AGC and AIA Issue Executive Summary of Sustainability and Risk Summit
AGC of America and the American Institute of Architects (AIA) have just released an executive summary of the industry summit on sustainability and risk the organizations jointly held earlier this year. Initiated from a discussion by the AIA-AGC Joint Committee, the summit brought together representatives from various industry stakeholder groups to explore the rapidly shifting legal landscape in the building industry. Key themes for the day were collaboration, education, practice transformation, accountability and metrics. The executive summary is available here.
As previously reported, the April 25, 2011 summit was organized around presentations to provide an overview of sustainable building trends, green building costs and litigation; as well as panel discussions to ascertain the major questions and concerns of professional liability insurers and sureties and the future impacts of green codes, standards and rating systems on the building industries. A list of presenters and panel participants can be found in the executive summary.
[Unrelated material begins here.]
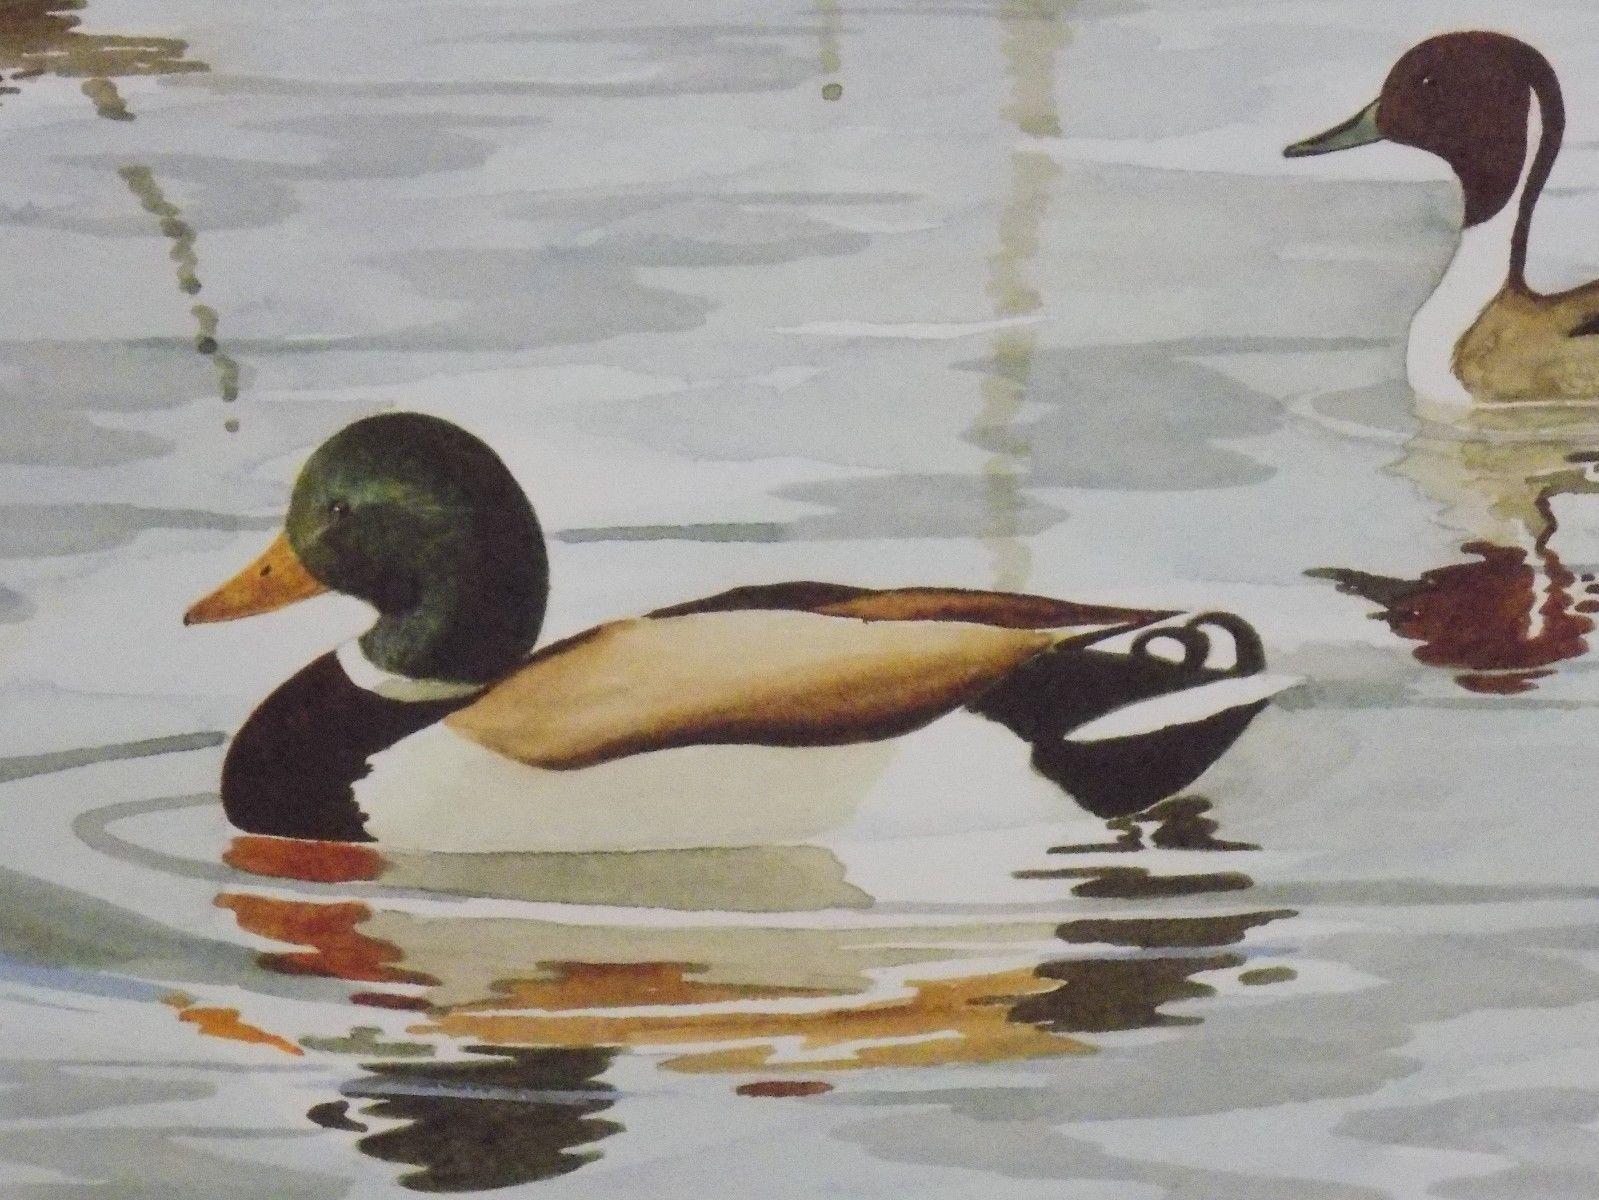 Vintage 1986 Signed ROBERT HILTY ARTIST PROOF #3 Ducks on Water Art Print

Some of the key points raised by the presenters and participants include—
- As the green building market continues to grow and become part of mainstream practice, three main categories of legal cases are starting to emerge: materials and techniques, regulatory compliance and those related to certification under rating systems. Many of these disputes are being resolved out of court; therefore it is difficult to gauge the full extent of these cases.
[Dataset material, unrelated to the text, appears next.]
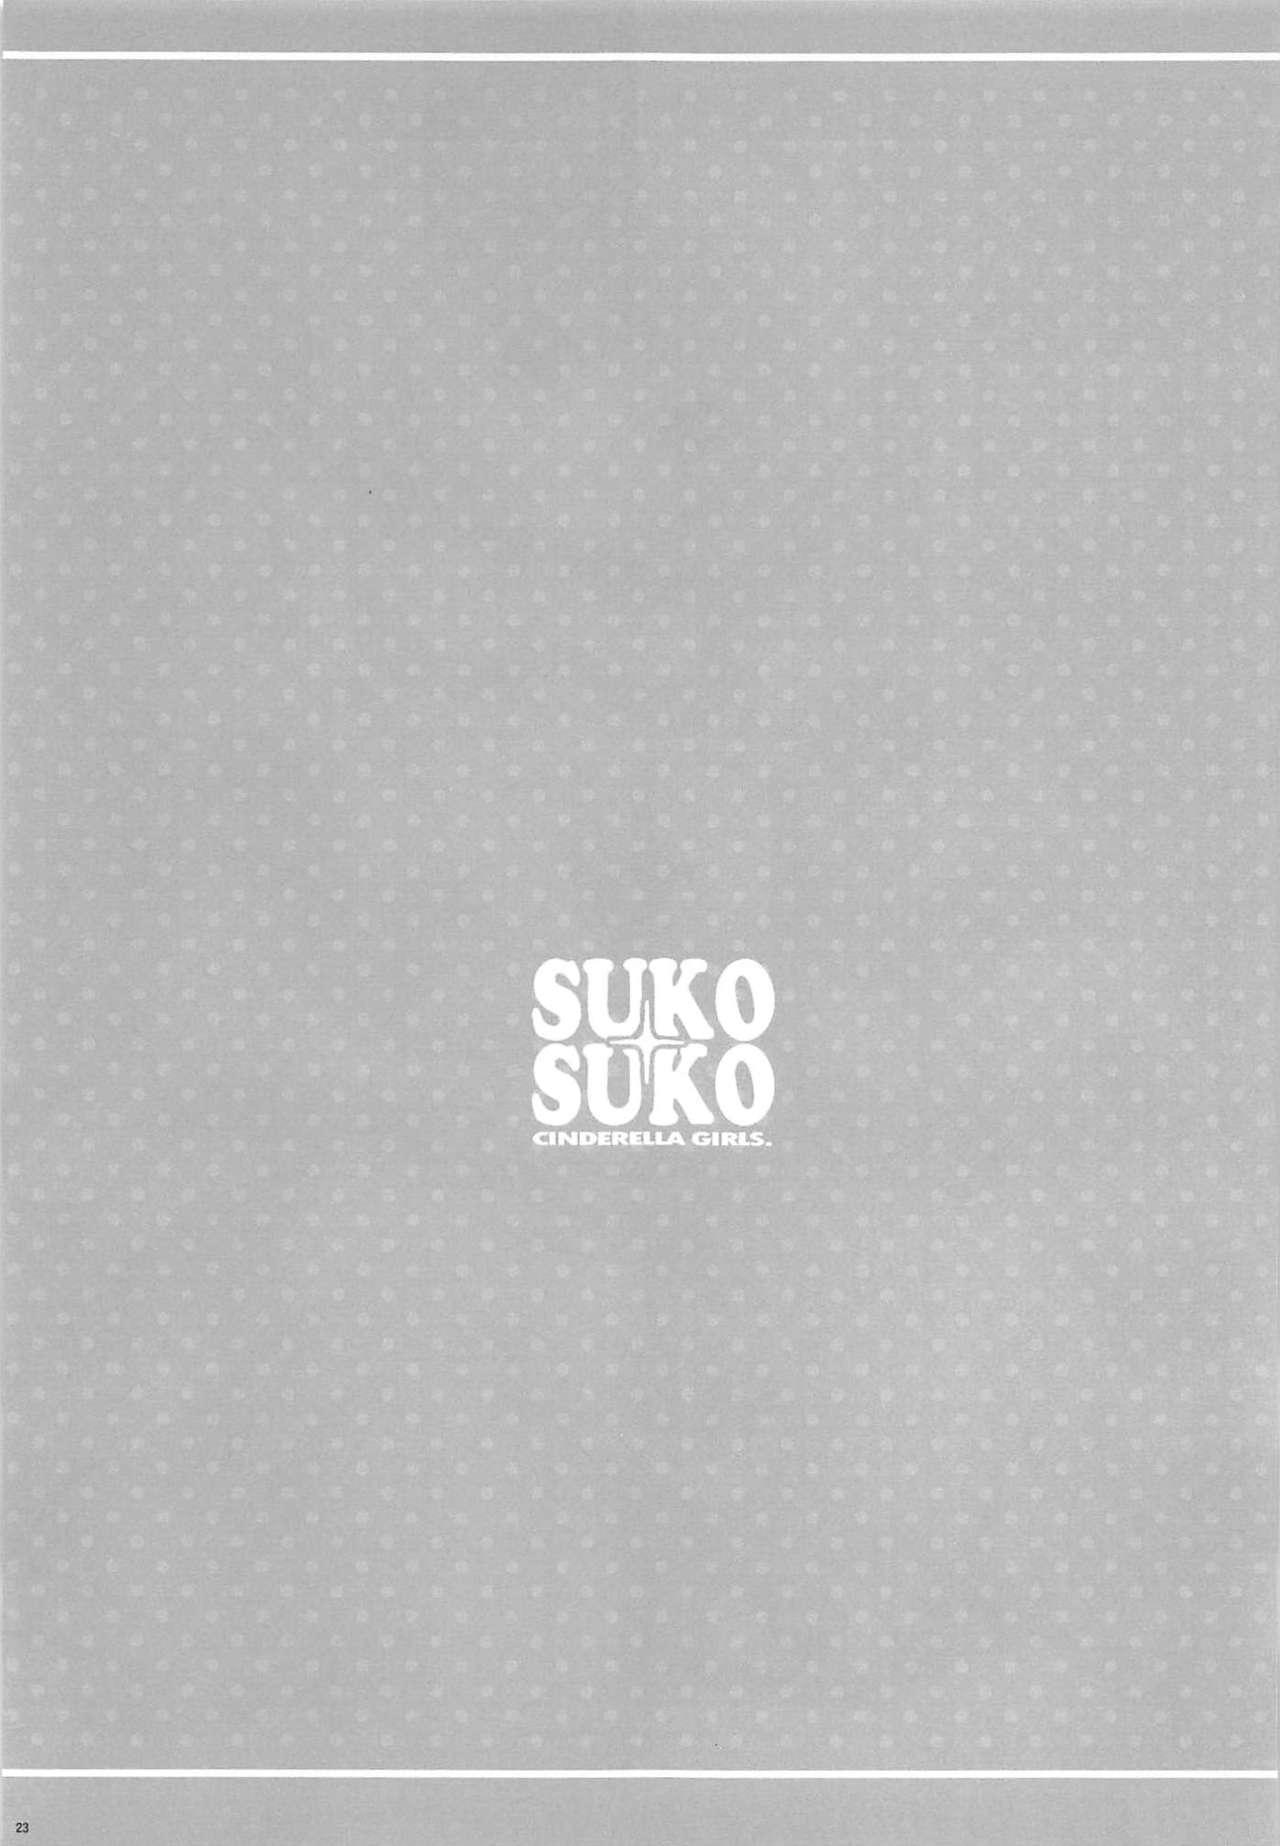 SUKO + SUKO 22

- Additional risks include: Ever evolving technology that introduces new, untested materials and methods. Tying a projected or anticipated level of building or systems performance to design (and construction) without understanding or accounting for the impacts that operations and maintenance and tenant behavior have on the building’s ultimate performance. The question remains to be answered whether industry is ready for outcome-based codes. “Is the science really tested enough to prescribe outcomes?”
- Sureties are beginning to understand green requirements and are addressing associated risks in a manner consistent with how surety bonds have been typically underwritten. The surety should contemplate: “What are the additional risks, who is responsible for those additional risks and how are those risks being addressed?”
- New model and “home-grown” green codes will change the future landscape of green and introduce new challenges. Of pressing concern as codes are adopted and enforced is the education of code officials. In addition, whereas many design, engineering and construction professionals are familiar with the voluntary green building rating systems, two challenges will likely surface as green codes become standard. First, implementation and adoption of codes likely will be sporadic and variable across the country; therefore, firms that work in multiple areas will need to learn the differing “versions” of the codes as adopted. Secondly, mandatory green requirements will impact a broader segment of building professionals that were not early adopters of green or part of the early majority.
Additional issues discussed related to changes to the standard of care, compensation, owner education and the impact of executive orders and federal mandates. The executive summary is available here.